When running the spark application, driver provides a webui to give the application run information, but the WebUI closes the port as the application completes, meaning that the application's history cannot be viewed after the spark application has finished running. The Spark history server was created to deal with this situation by configuring the spark application to write the application's run information to the specified directory after running the application, and spark history The server can load and Web-run information for users to browse.
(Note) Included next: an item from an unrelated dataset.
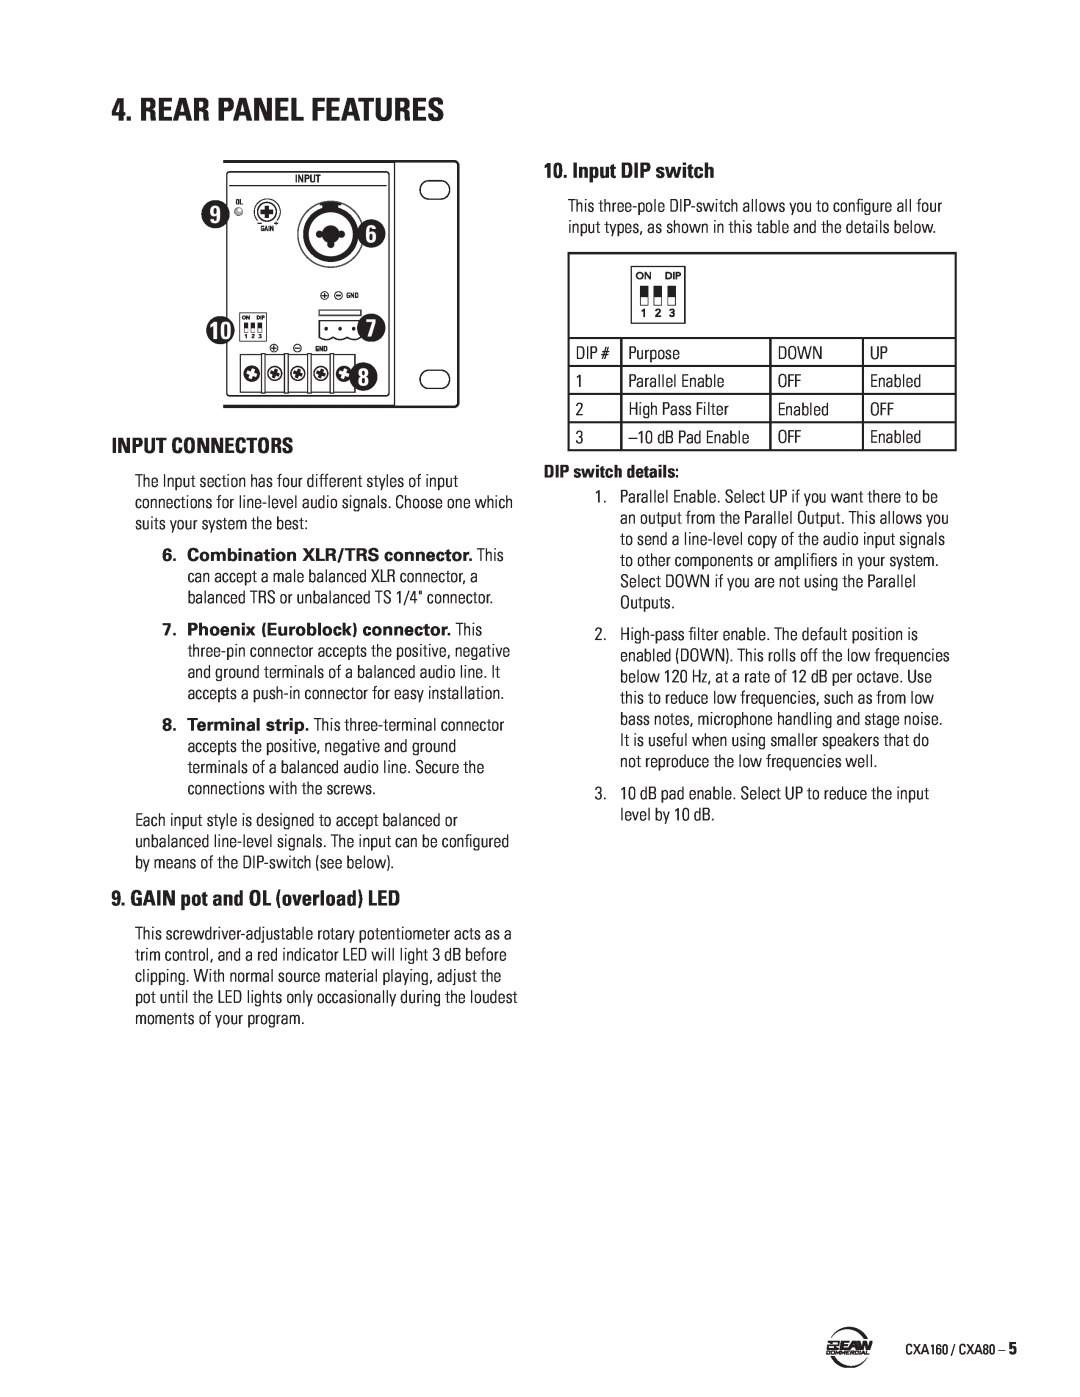 EAW CXA160 / CXA80 instruction manual Rear Panel Features, Input Connectors, GAIN pot and OL overload LED, Input DIP switch 
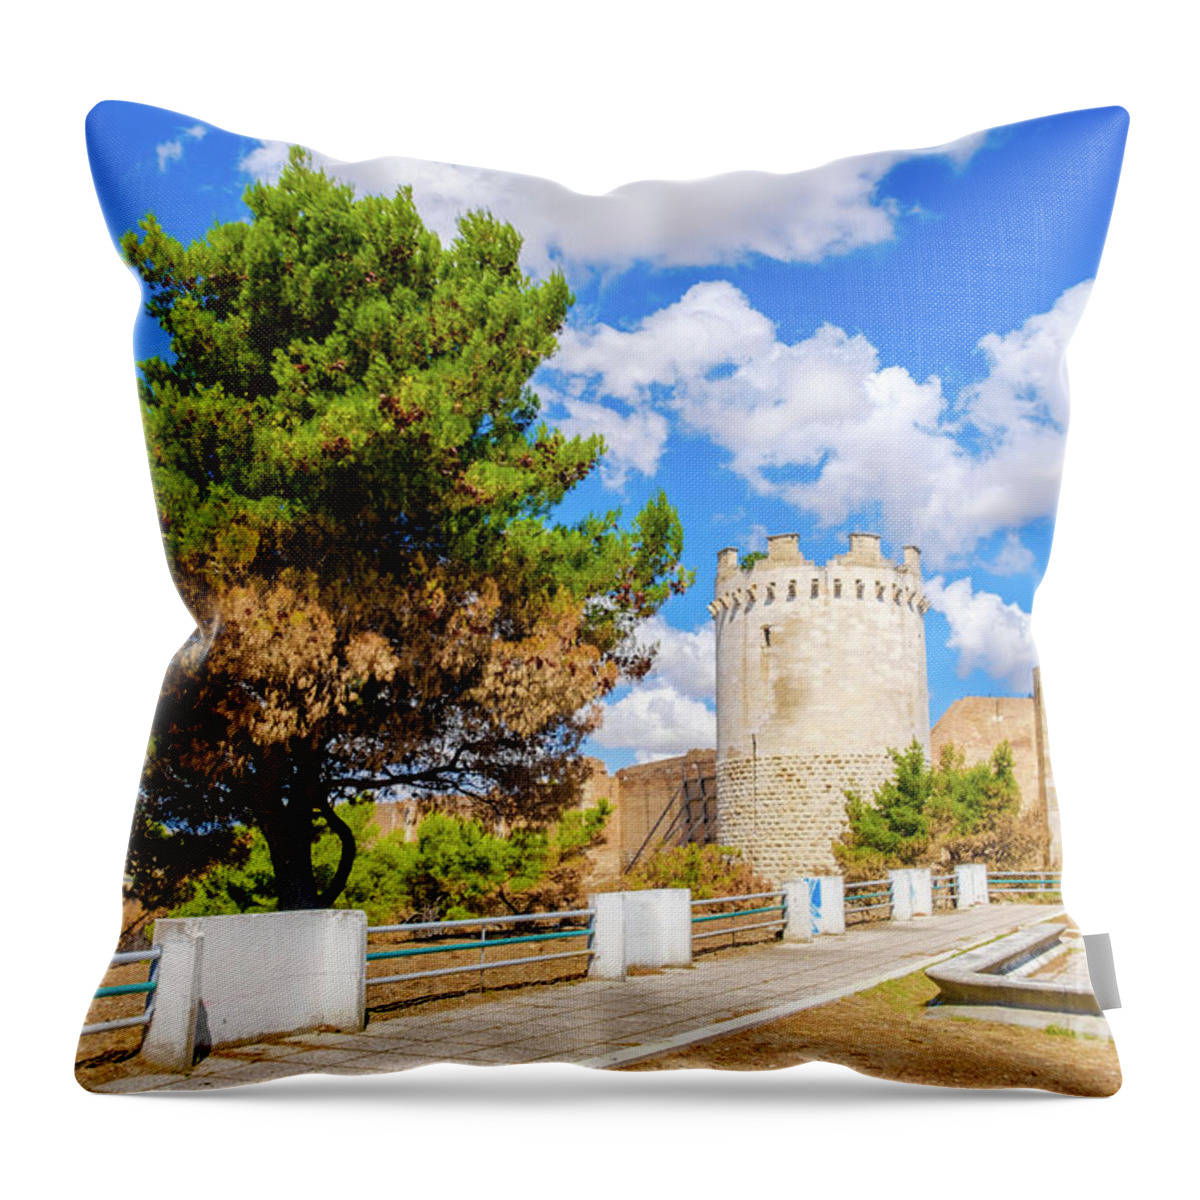 Apulia Throw Pillow featuring the photograph Lucera - Foggia province - Apulia region - Gargano area - southe by Luca Lorenzelli

to use the history server, you need to configure the following parameters (configured in conf/spark-defaults.conf ) for the client submitting the application:

spark.eventLog.enabled  True
Spark.eventLog.dir      HDFs://hadoop1:8000/sparklogs   Spark.yarn.historyServer.address    hadoop1:18080

Enter $spark_home/sbin path

./start-all.sh.

Note: The console display will fail to start

[Email protected]:/usr/local/spark/spark-1.1.0-bin-hadoop2.4/sbin$./start-history-server.sh starting Org.apache.spark.deploy.history.HistoryServer, logging to/usr/local/spark/spark-1.1.0-bin-hadoop2.4/sbin/. /logs/spark-hadoop-org.apache.spark.deploy.history.historyserver-1-node4.outfailed to launch Org.apache.spark.deploy.history.HistoryServer:at Org.apache.spark.deploy.history.FsHistoryProvider.<init> (Fshistoryprovider.scala: A)      ... 6morefull Log in/usr/local/spark/spark-1.1.0-bin-hadoop2.4/sbin/. /logs/spark-hadoop-org.apache.spark.deploy.history.historyserver-1-node4.out

Find the log file and find an error Logging directory must be specified
workaround : When starting the historyserver, you need to add parameters to indicate where log is stored, for example, we configured the spark-default.conf in the storage path is Hdfs://hadoop1:8000/ Sparklogs
There are two ways to solve the problem
1. Change the start command to

start-history-server.sh hdfs://node4:9000/directory

2. Start command unchanged, add in conf/spark-env.sh

Export spark_history_opts="-dspark.history.ui.port=18080-dspark.history.retainedapplications=3- Dspark.history.fs.logdirectory=hdfs://node4:9000/directory "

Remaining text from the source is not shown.